::: PROVIDED INFORMATION

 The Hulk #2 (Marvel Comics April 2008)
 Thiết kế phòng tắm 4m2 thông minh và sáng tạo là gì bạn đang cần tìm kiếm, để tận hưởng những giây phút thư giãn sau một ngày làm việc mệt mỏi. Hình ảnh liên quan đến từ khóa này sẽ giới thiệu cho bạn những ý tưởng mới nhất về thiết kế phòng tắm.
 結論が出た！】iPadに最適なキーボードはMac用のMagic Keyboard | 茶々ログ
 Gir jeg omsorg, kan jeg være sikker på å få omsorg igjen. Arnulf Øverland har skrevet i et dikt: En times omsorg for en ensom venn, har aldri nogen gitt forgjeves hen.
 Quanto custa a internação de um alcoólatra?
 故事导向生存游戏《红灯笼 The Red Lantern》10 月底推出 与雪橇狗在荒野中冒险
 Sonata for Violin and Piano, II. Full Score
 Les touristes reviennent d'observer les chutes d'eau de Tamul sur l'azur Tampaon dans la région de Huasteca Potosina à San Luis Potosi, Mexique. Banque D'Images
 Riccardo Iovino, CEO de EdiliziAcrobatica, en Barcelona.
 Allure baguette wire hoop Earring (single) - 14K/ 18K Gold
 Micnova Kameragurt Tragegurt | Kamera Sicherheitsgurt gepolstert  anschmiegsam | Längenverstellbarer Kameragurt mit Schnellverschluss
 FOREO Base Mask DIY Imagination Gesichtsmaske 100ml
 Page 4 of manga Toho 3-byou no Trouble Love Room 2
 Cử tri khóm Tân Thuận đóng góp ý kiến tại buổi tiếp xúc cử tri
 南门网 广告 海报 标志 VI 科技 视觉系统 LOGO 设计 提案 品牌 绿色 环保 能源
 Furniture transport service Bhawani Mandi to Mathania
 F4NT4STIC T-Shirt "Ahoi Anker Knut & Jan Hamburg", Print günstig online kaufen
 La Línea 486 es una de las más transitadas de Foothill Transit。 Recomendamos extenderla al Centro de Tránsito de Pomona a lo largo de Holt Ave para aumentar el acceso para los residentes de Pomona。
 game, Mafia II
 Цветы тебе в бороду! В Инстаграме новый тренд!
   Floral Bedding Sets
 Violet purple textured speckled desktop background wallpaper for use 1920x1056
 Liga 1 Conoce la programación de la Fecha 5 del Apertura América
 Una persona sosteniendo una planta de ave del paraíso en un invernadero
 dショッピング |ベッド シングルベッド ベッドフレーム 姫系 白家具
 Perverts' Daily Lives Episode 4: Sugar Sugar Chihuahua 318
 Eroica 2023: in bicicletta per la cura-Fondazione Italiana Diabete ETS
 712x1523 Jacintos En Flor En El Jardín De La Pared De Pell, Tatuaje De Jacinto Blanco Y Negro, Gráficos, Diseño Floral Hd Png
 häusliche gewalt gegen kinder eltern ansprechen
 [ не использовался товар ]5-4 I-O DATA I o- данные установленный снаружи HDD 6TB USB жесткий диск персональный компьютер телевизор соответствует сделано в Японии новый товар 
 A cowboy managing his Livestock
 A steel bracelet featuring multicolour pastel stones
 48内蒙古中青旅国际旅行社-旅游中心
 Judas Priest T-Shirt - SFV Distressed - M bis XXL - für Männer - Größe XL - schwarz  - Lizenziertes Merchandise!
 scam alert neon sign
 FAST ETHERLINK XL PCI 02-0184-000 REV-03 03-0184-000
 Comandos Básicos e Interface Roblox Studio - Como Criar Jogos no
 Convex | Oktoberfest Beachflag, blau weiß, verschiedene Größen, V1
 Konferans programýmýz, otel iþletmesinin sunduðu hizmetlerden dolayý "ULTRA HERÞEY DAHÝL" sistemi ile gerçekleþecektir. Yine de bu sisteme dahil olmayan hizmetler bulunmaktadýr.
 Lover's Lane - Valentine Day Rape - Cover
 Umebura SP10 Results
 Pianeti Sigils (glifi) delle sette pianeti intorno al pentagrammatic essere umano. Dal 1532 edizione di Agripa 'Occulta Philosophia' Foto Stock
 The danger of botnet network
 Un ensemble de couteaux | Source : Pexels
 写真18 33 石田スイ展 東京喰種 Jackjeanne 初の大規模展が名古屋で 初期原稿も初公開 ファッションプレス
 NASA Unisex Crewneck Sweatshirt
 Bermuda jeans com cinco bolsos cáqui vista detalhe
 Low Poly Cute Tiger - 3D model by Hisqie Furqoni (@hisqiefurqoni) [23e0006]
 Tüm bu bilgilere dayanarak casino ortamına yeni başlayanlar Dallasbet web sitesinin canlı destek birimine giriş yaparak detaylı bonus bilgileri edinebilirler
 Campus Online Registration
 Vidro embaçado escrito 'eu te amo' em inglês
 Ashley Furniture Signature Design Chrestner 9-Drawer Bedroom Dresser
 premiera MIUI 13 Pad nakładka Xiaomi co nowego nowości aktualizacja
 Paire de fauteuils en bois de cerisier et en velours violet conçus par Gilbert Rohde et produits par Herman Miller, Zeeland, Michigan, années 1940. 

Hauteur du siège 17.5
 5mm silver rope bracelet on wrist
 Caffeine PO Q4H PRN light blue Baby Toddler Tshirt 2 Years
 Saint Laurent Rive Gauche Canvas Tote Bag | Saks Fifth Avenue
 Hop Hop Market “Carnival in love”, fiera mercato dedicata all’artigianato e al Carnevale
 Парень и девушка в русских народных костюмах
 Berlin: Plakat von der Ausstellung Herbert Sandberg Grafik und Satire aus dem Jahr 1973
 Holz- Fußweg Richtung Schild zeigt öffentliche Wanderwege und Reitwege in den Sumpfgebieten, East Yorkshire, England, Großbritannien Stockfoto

::::::

PROBLEM DESCRIPTION: Starting at the line that contains "premiera MIUI 13", retype each remaining line of the records exactly; that line and the last line are both included.

RESULT FOR THIS EXERCISE:
 premiera MIUI 13 Pad nakładka Xiaomi co nowego nowości aktualizacja
 Paire de fauteuils en bois de cerisier et en velours violet conçus par Gilbert Rohde et produits par Herman Miller, Zeeland, Michigan, années 1940. 

Hauteur du siège 17.5
 5mm silver rope bracelet on wrist
 Caffeine PO Q4H PRN light blue Baby Toddler Tshirt 2 Years
 Saint Laurent Rive Gauche Canvas Tote Bag | Saks Fifth Avenue
 Hop Hop Market “Carnival in love”, fiera mercato dedicata all’artigianato e al Carnevale
 Парень и девушка в русских народных костюмах
 Berlin: Plakat von der Ausstellung Herbert Sandberg Grafik und Satire aus dem Jahr 1973
 Holz- Fußweg Richtung Schild zeigt öffentliche Wanderwege und Reitwege in den Sumpfgebieten, East Yorkshire, England, Großbritannien Stockfoto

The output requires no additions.